I've got a very simple and straightforward API written in Node.js and Express that works just fine, but every now and then, the jQuery.post call will remain "Pending" (and eventually timeout). On the server side, I've monitored the request and result and it is logging a 200 response code with the appropriate data in ~40ms. No matter how many times I refresh the page (the data in the call is static, not based on inputs), the request completes successfully on the server, but hangs in the client. If I restart the node.js server script, all is well and normal function on the client is restored.
It ran smooth without a restart for the last 3 days, then about one hour after I restarted the script I had to do it again. Been fine now for the last 2 hours.
Any insight would be helpful. Thanks.
EDIT - Adding code This is the function that is hanging.

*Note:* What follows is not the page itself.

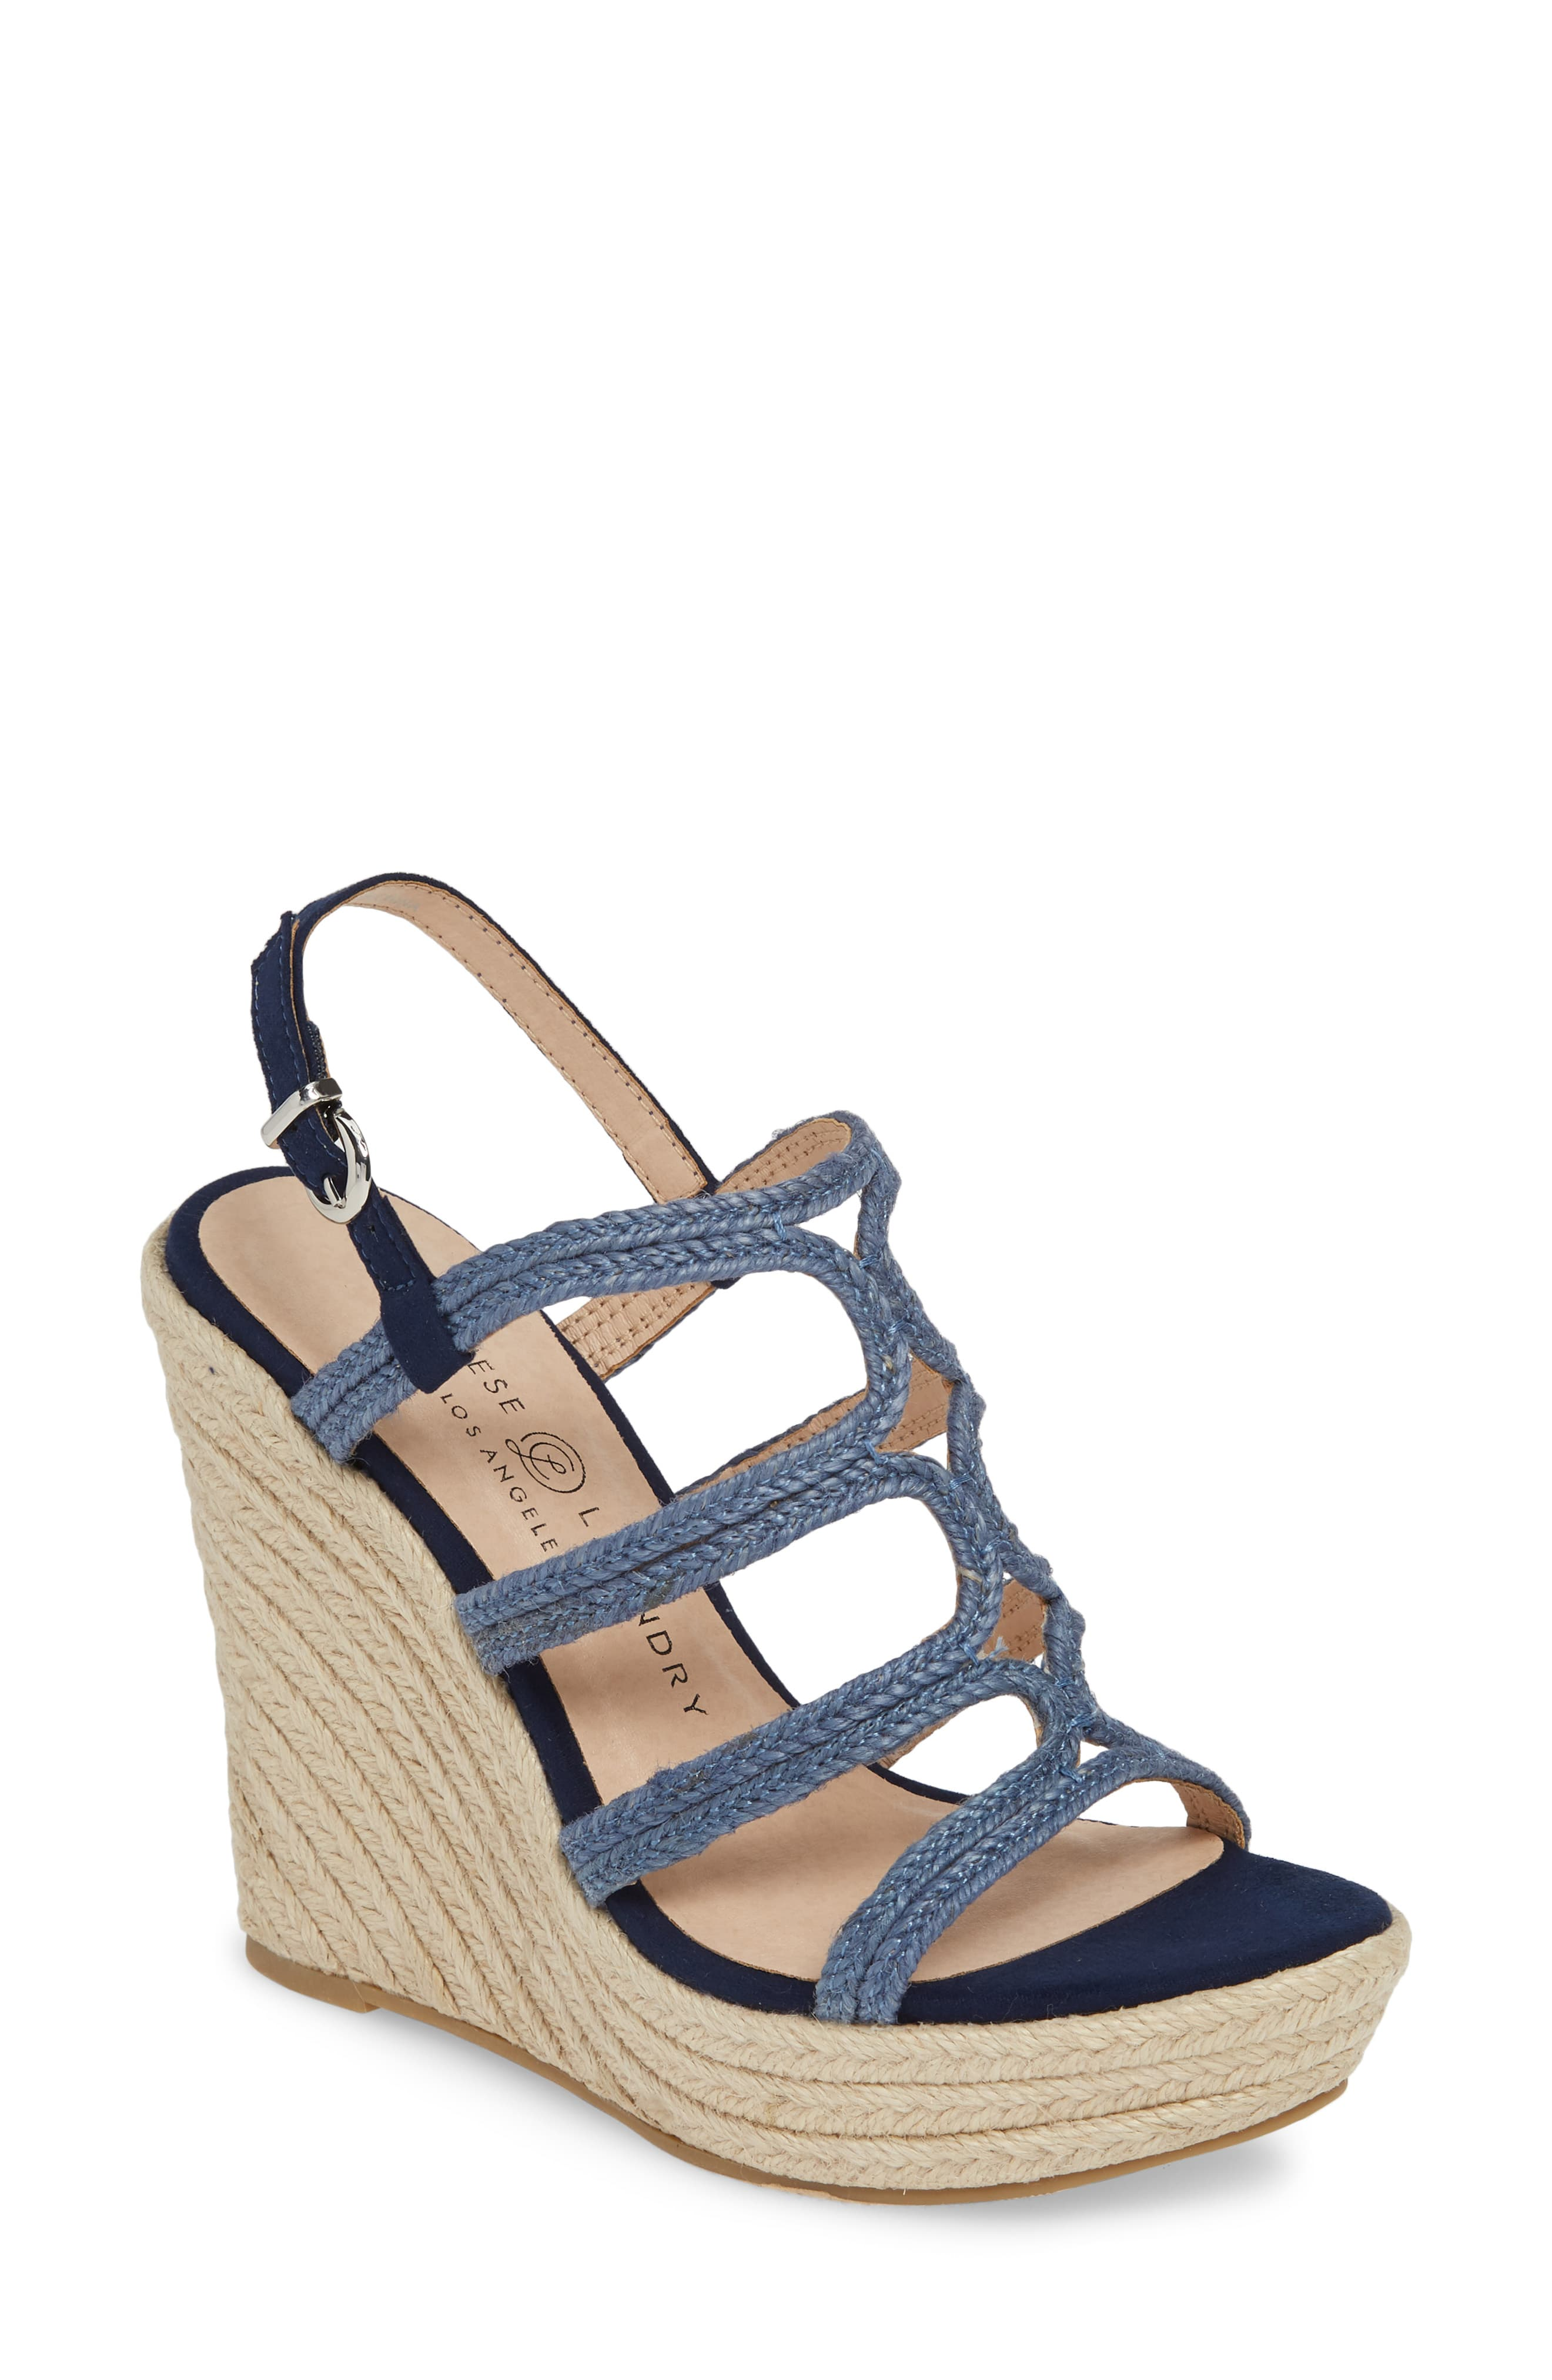 Chinese Laundry Milla Platform Wedge Sandal Women Platform
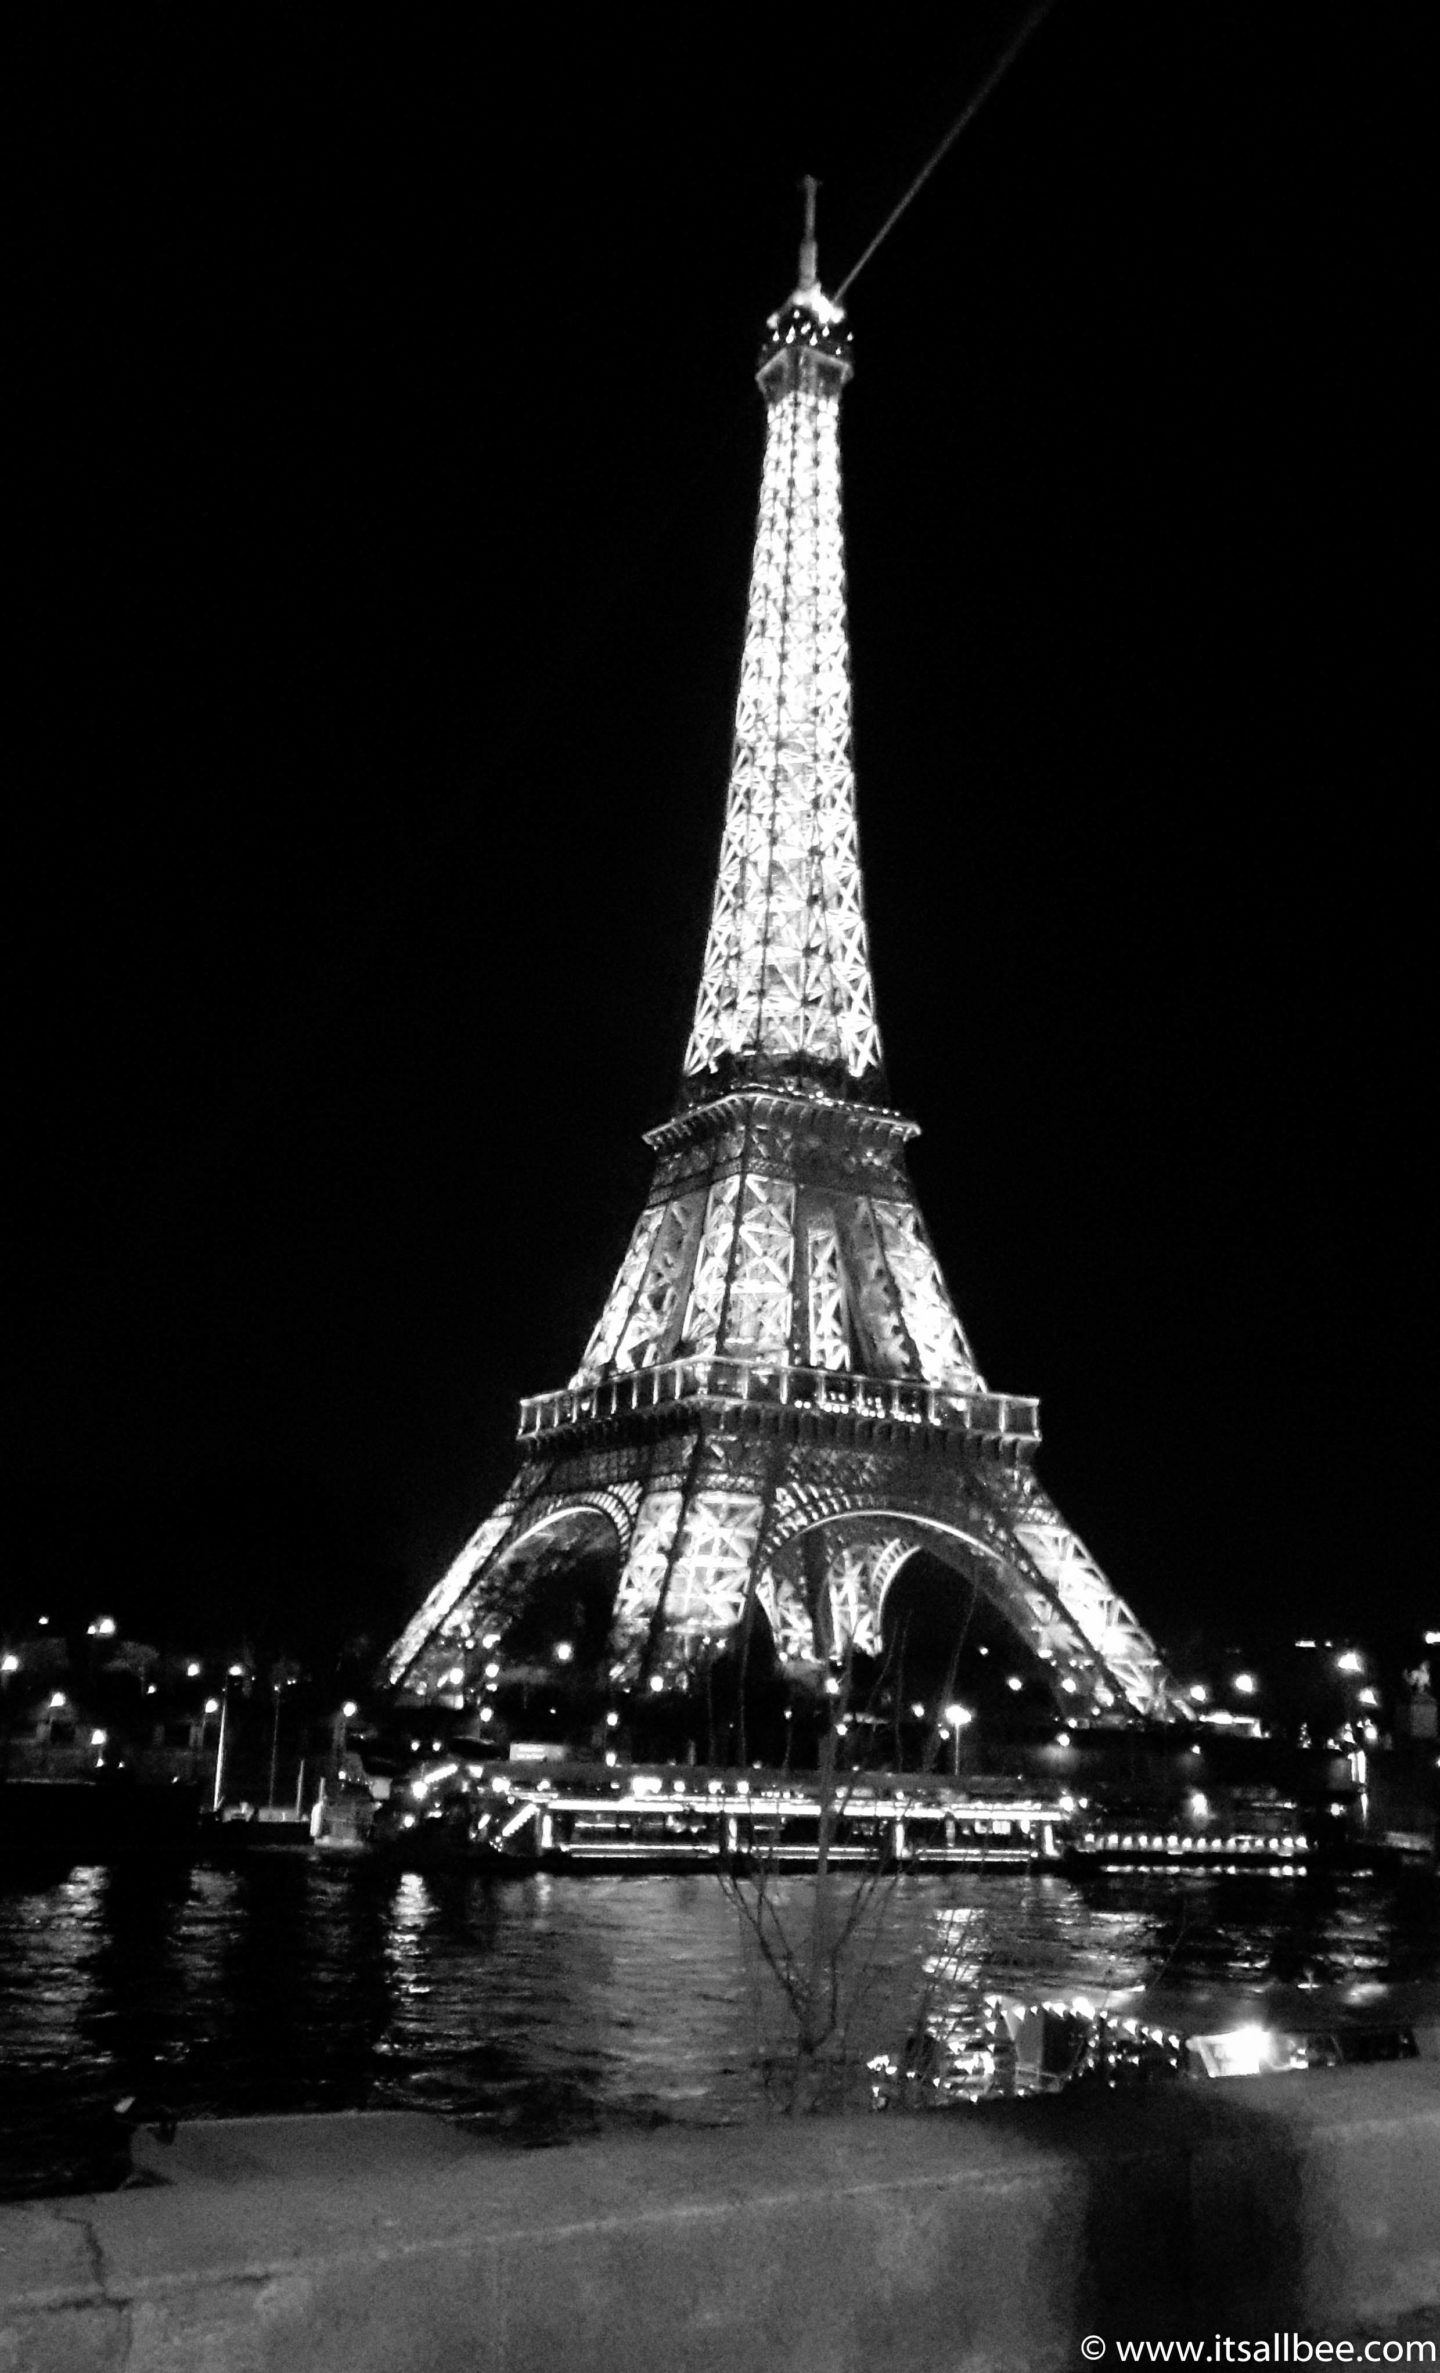 17 Hermosas Imagenes De La Torre Eiffel Eiffel Tower At Night Paris At Night Paris Wallpaper

exports.getDistinct = function(req, res) {
var params = {
filter: function() {
var filter = getParams(req, 'filter');
if ( filter ) {
f = {};
for (var key in filter)
f[key] = { $in: filter[key] }
var search = getParams(req, 'search');
if ( search ) {
for (var key in search) {
f[key] = new RegExp(helper.escapeRegExp(search[key]),"gi");
}
}
return f;
} else {
// send error
send(req,res,{'error': 'no filter specified'}, 500);
}
}(),
field: function() {
var field = getParams(req, 'field');
if ( field ) return field;
else send(req,res,{'error': 'no field specified'}, 500);
}(),
};
//console.log(util.inspect(params,false, null));
db.results.distinct(
params.field,
params.filter,
function(err, results) {
if (err) send(req,res,err,500);
if (params.field == 'Title') {
var filtered = [];
db.testcases.find().sort( { _id: 1 } ,function(err, tcnames) {
if (err) send(req,res,err,500);
for (var i=0;i<results.length;++i) {
if (results[i].match(/^up/gi)) {
tcnames.filter( function(tc) {
if (tc._id == results[i]) filtered.push(tc);
});
}
}
filtered.sort(helper.compare);
send(req,res,filtered,200);
});
} else {
send(req,res,results,200);
}
}
);
}
And here is the code for the send function being used:
function send(req, res, data, status) {
var isJsonp = req.query.hasOwnProperty('callback');
if (!status) status = 200;
if (isJsonp) res.send(req.query['callback']+'('+JSON.stringify(data)+')', status);
else res.send(data, status);
}
EDIT just noticed this in httpd.conf and I have no idea if its relevant:
BrowserMatch "Mozilla/2" nokeepalive
BrowserMatch "MSIE 4\.0b2;" nokeepalive downgrade-1.0 force-response-1.0
BrowserMatch "RealPlayer 4\.0" force-response-1.0
BrowserMatch "Java/1\.0" force-response-1.0
BrowserMatch "JDK/1\.0" force-response-1.0
BrowserMatch "Microsoft Data Access Internet Publishing Provider" redirect-carefully
BrowserMatch "MS FrontPage" redirect-carefully
BrowserMatch "^WebDrive" redirect-carefully
BrowserMatch "^WebDAVFS/1.[0123]" redirect-carefully
BrowserMatch "^gnome-vfs/1.0" redirect-carefully
BrowserMatch "^XML Spy" redirect-carefully
BrowserMatch "^Dreamweaver-WebDAV-SCM1" redirect-carefully
So usually these symptoms mean your logic within your request handler has a branch that isn't properly terminated by responding to the request or omits a guard clause return statement. I think this is an error in your code, and there may be other cases:
if (err) send(req,res,err,500);
That's a bug. It will send a response but continue executing the remainder of the function, resulting in misbehavior. You want:
if (err){
return send(req,res,err,500);
}
I think that's your only bug, but it's a good idea to A) try to keep your logic small enough and simple enough to make it easy to visually confirm every branch terminates with an HTTP response and a return statement where appropriate and then B) when things necessarily get larger or more branchy, consider using return whenever you send a response as a defensive coding technique.